All of this is reminiscent of the Suharto oil boom years. But this time Indonesia has the benefit of another 20 years of economic growth under its belt. The fiscal picture is better and overall debt levels are lower than in peer countries. Regions outside of Jakarta and Java are more prosperous now.

That means the economy won't need Suharto-style shock therapy. But some changes in official mindset and language would go a long way to ensuring that the recent burst of policy reforms has lasting impact.

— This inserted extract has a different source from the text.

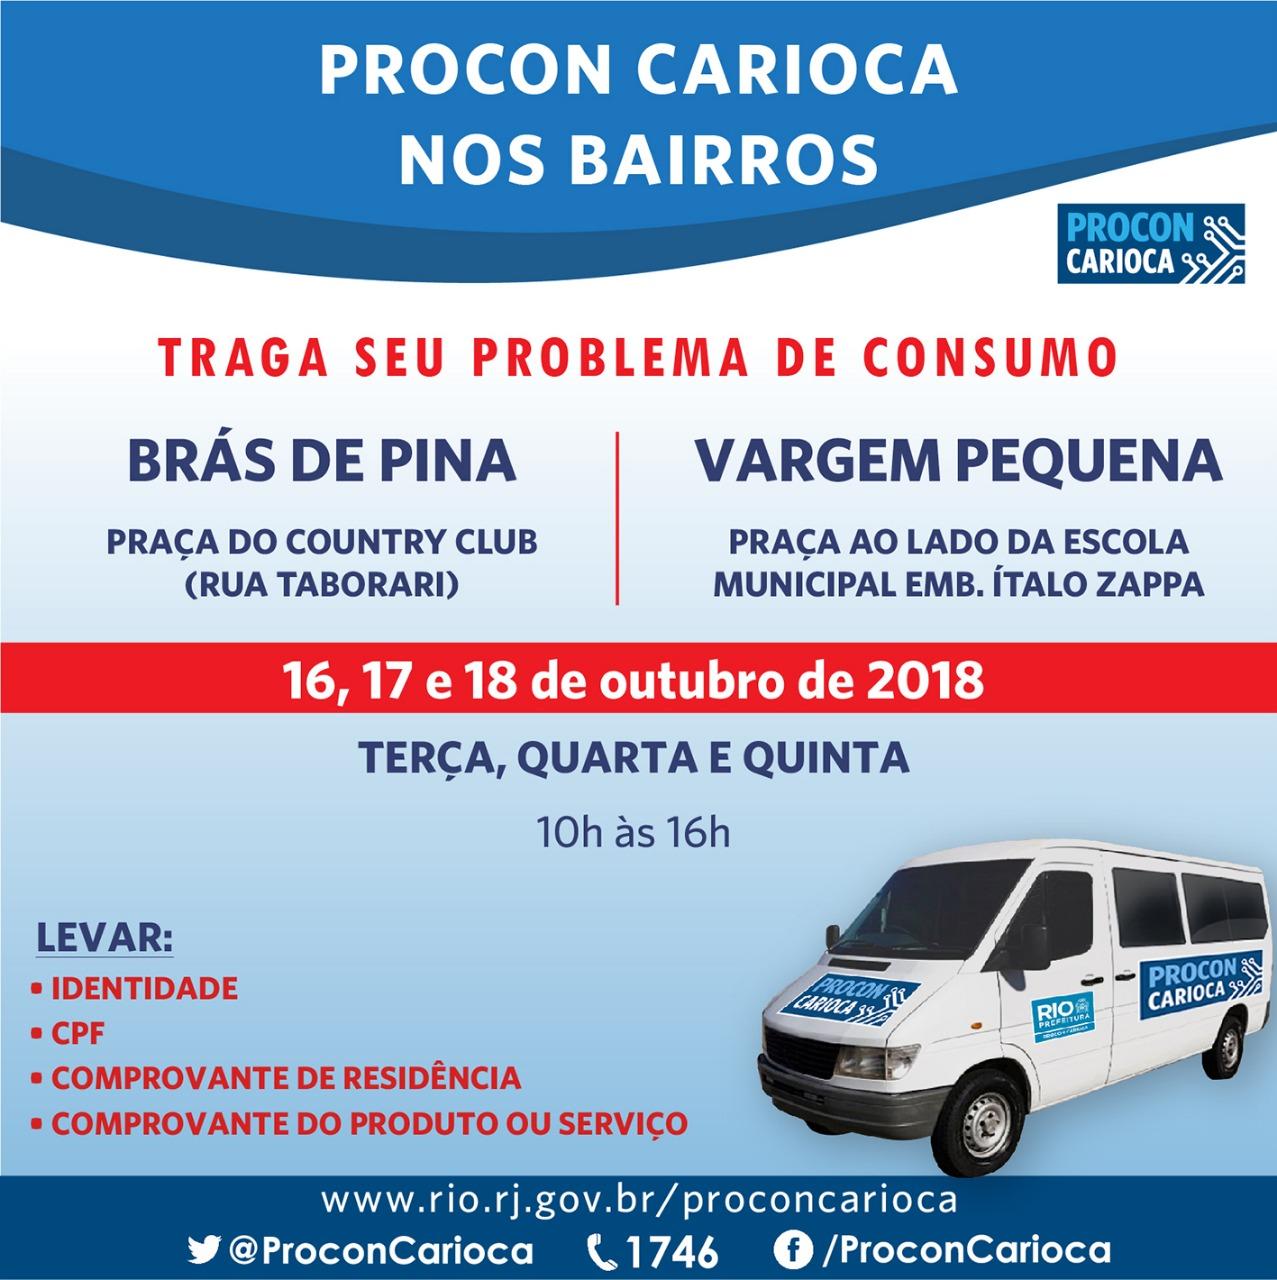 Procon Carioca atende Brás de Pina e Vargem Pequena nesta semana
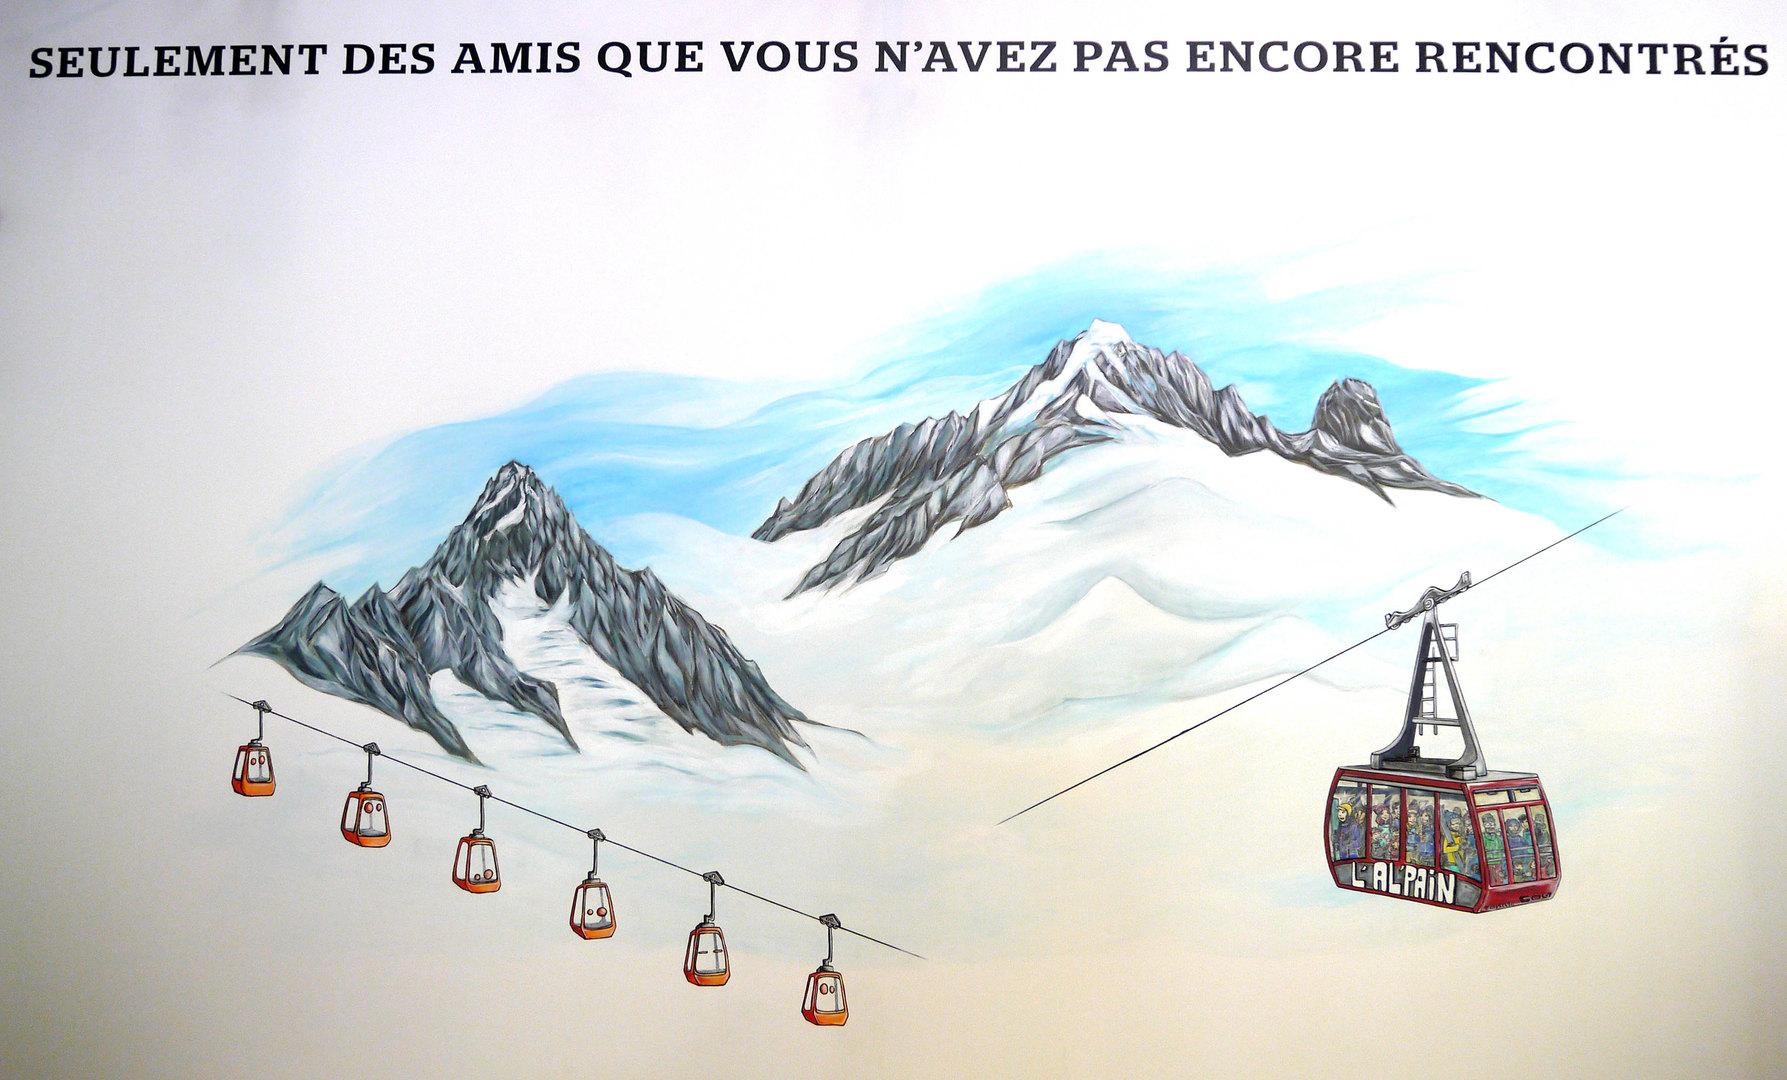 Fresque de l'Alpain

One welcome change would be a government-wide commitment to increasing competitiveness. A related shift would be to review the growing role of generally inefficient and poorly run state-owned enterprises, which provide very low returns on investment and often block more productive private-sector investments.

Competitiveness comes from competing. Indonesia's moves to protect industries and agribusiness are undermining national competitiveness and will inevitably make it more difficult to get political support for—much less get benefit from—regional integration commitments such as the Association of Southeast Asian Nations Economic Community and the Regional Comprehensive Economic Partnership. 

Finally, Indonesia's anti-corruption drive needs new life. Progress has been made, thanks in good part to the courageous leaders of the Corruption Eradication Commission, or KPK. But an anti-corruption agency working without the full support of the judiciary and law enforcement can only do so much. The economy will be hard-pressed to reach a sustainably stronger rate of growth until the government acknowledges the huge economic costs imposed by widespread corruption and finds the mettle to eradicate it.

Indonesia has survived worse economic storms than the one facing it today, both in the mid-1980s and in 1997. It emerged stronger from those episodes and it will do so again, so long as Jakarta wakes up to the urgent need for further reforms. Adam  Schwarz is president of The Asia Group LLC.